Green Context Sample using CUDA Core API.

Three scenarios are timed with CUDA events and compared:

  1. Reference: the critical kernel alone on the primary context,
     with no competing work. Establishes the pure compute time of
     the critical kernel with access to every SM on the device.
  2. Baseline: both kernels run on the device's primary context,
     on two non-blocking streams. They contend for all SMs.
  3. Green contexts: SMs are split into two disjoint groups; each
     kernel runs on a stream belonging to its own green context.

The headline metric is the total wall time of the critical kernel
from launch to completion on its stream.
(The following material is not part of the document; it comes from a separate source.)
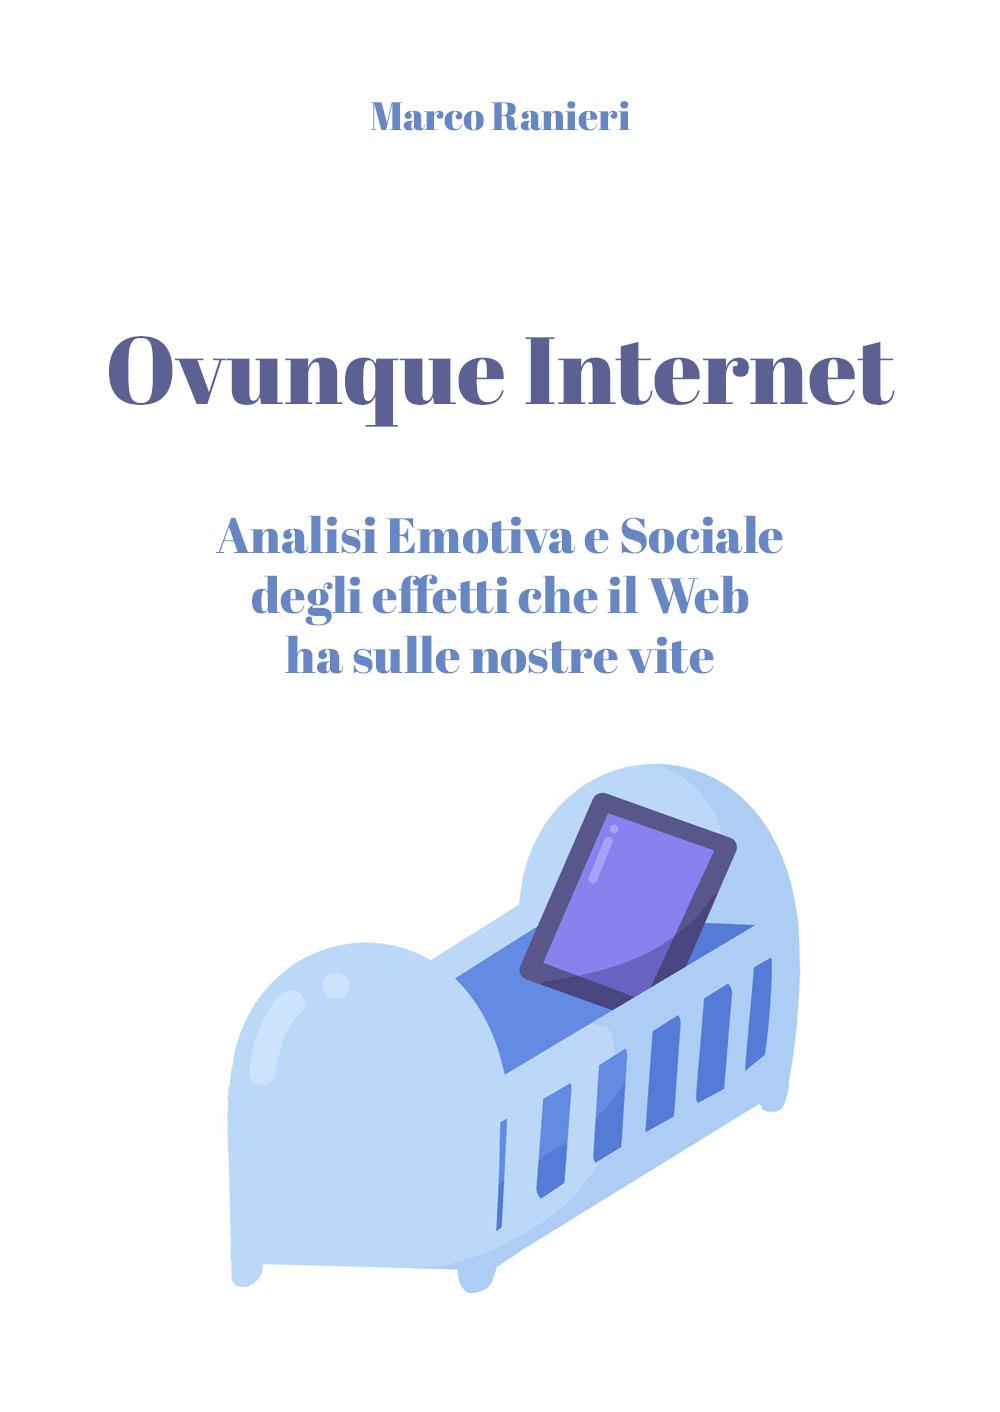 Ovunque Internet: Analisi Emotiva e Sociale degli effetti che il Web ha sulle nostre vite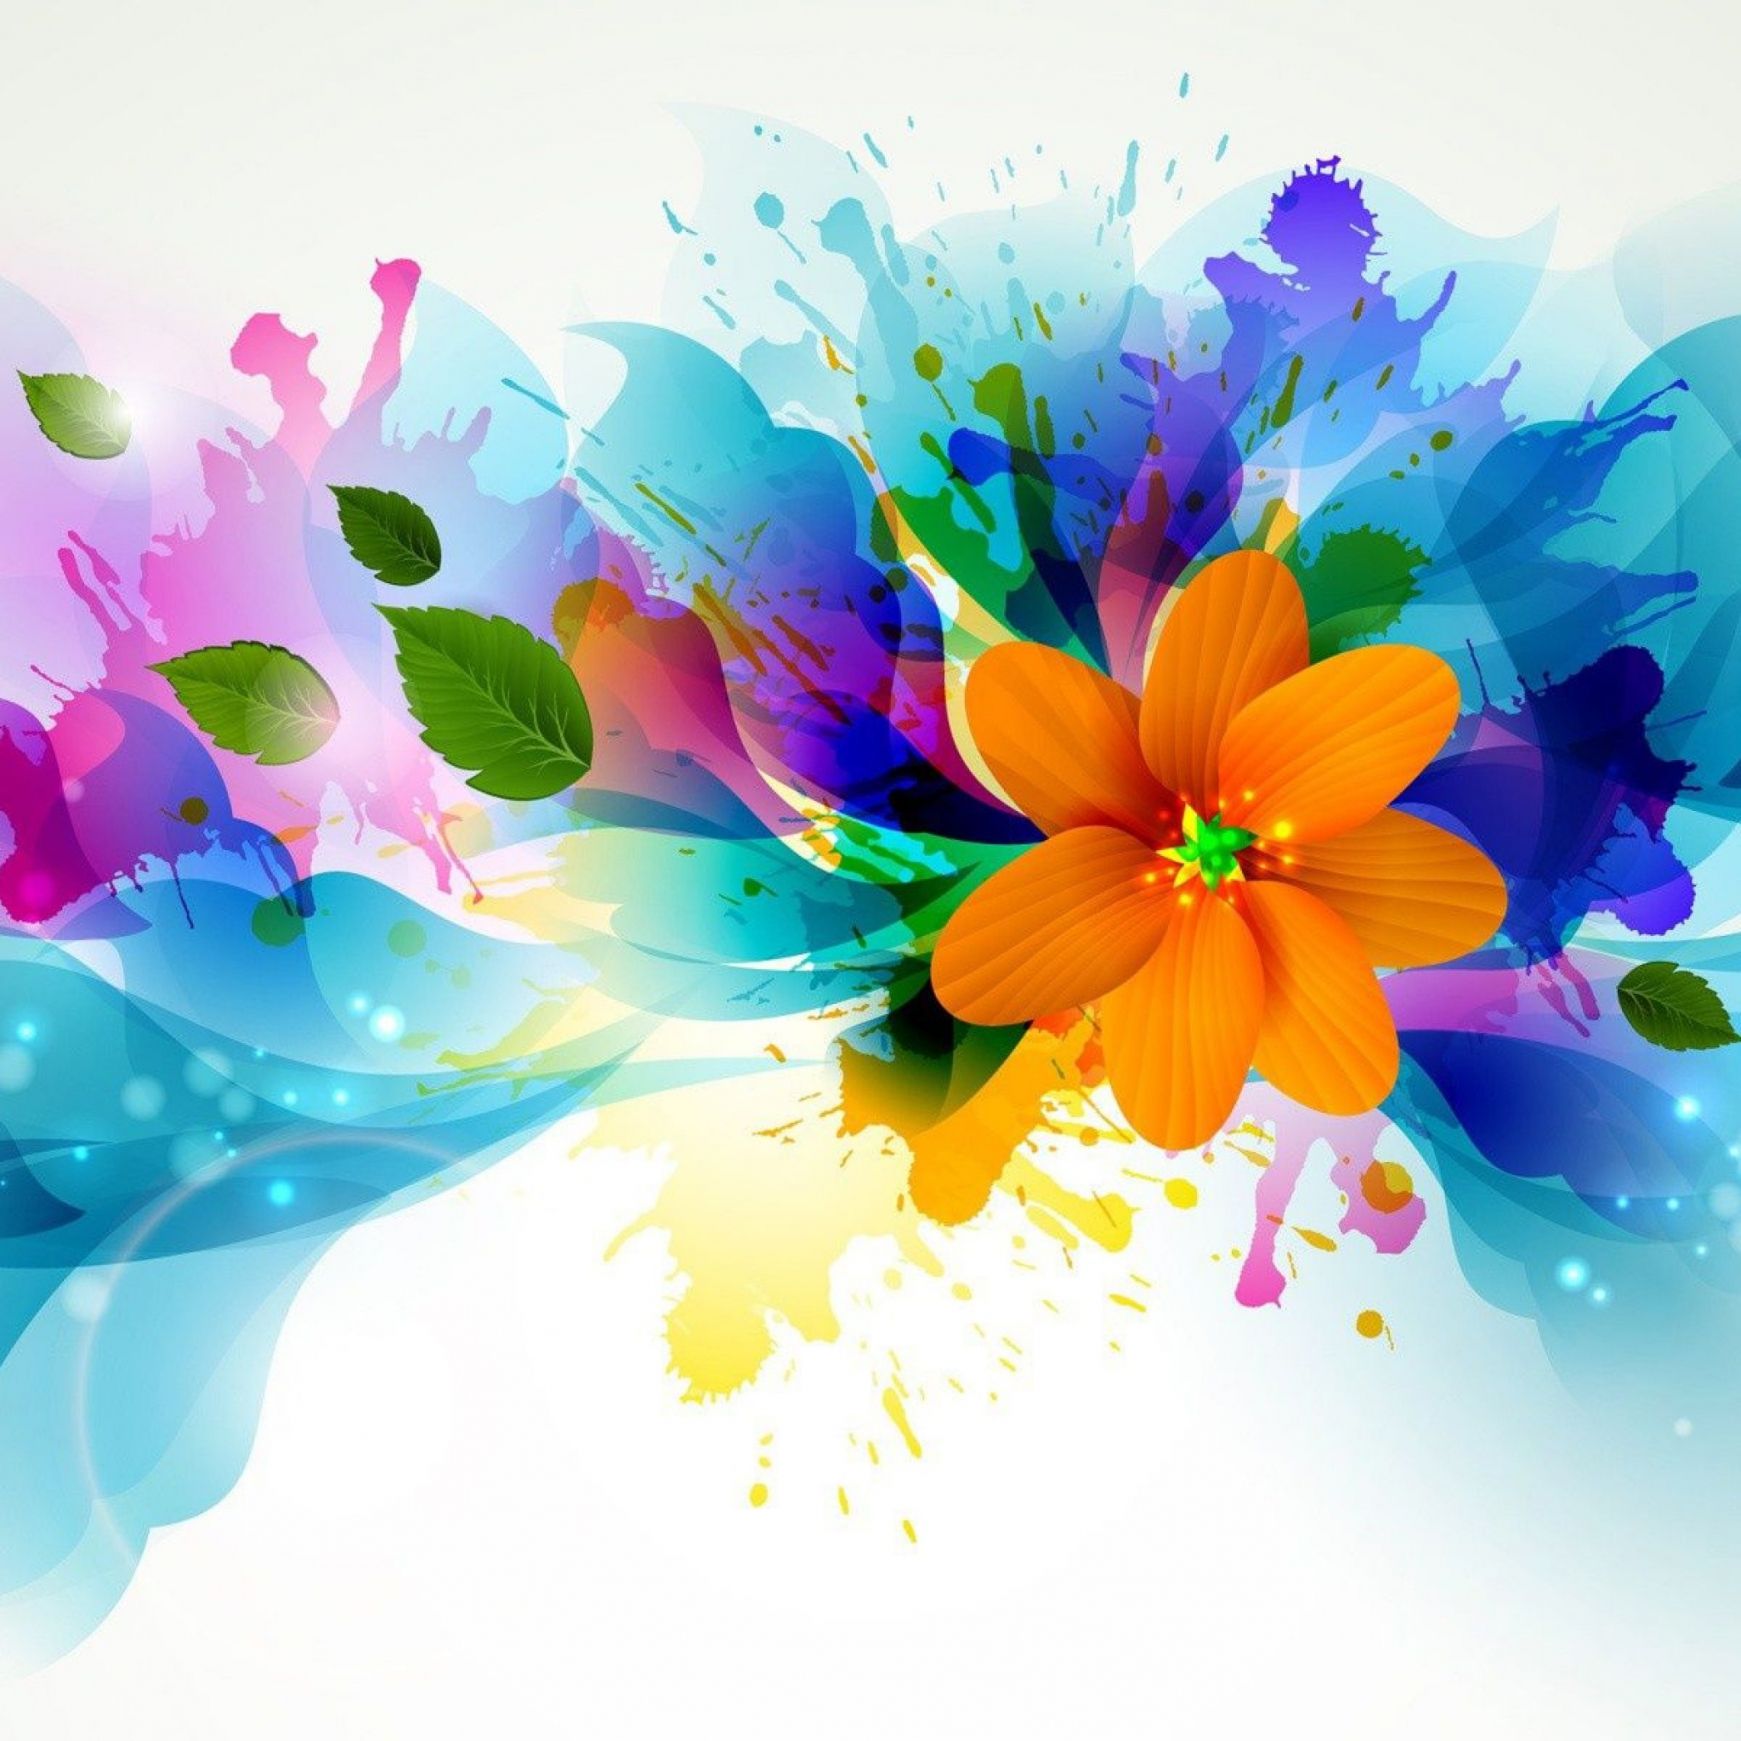 Abstract Flower Design Wallpaper Widescreen Is 4K Wallpaper. Flower iphone wallpaper, Flower wallpaper, Abstract flower art

In the baseline it is
dominated by waiting behind the long-running kernel; with green
contexts it reflects only the kernel's own compute time on a
smaller SM partition. The reference row separates those effects.

Note: Parallel execution on the GPU is never guaranteed. Green
contexts remove one common source of contention (shared SMs) but
they are not a hard scheduling promise.
"""

import argparse
import sys
import time
from dataclasses import dataclass
from typing import List, Optional, Tuple

import numpy as np
from cuda.core import (
    ContextOptions,
    Device,
    EventOptions,
    LaunchConfig,
    Program,
    ProgramOptions,
    SMResourceOptions,
    launch,
)

# Two CUDA kernels:
# 1. The delay kernel spins until `cycles` SM clock ticks have elapsed.
# 2. The critical kernel does a small amount of useful work.

KERNEL_SRC = r"""
extern "C" __global__ void delay_kernel(unsigned long long cycles)
{
    unsigned long long start = clock64();
    while ((unsigned long long)(clock64() - start) < cycles) { }
}

extern "C" __global__ void critical_kernel(float *out, int n, int iters)
{
    int i = blockIdx.x * blockDim.x + threadIdx.x;
    if (i < n) {
        // Two dependent accumulators so the compiler cannot collapse the
        // loop into a closed-form expression. `iters` is a runtime argument
        // for the same reason.
        float v = (float)i * 1e-6f + 1.0f;
        float u = (float)i * 1e-7f + 0.5f;
        for (int k = 0; k < iters; ++k) {
            v = v * 1.000001f + u;
            u = u * 0.999999f + v * 1e-7f;
        }
        out[i] = v + u;
    }
}
"""


@dataclass
class ScenarioResult:
    name: str
    critical_total_ms: float
    critical_sm_count: int
    long_ms: Optional[float] = None
    critical_offset_ms: Optional[float] = None
    long_sm_count: Optional[int] = None


def print_sm_topology(device: Device) -> None:
    sm = device.resources.sm
    print("[Green Context Sample using CUDA Core API]")
    print(f"Device: {device.name}")
    print(f"Compute Capability: sm_{device.arch}")
    print(f"Total SMs:                 {sm.sm_count}")
    print(f"Min. SM partition size:    {sm.min_partition_size}")
    print(f"SM co-scheduled alignment: {sm.coscheduled_alignment}")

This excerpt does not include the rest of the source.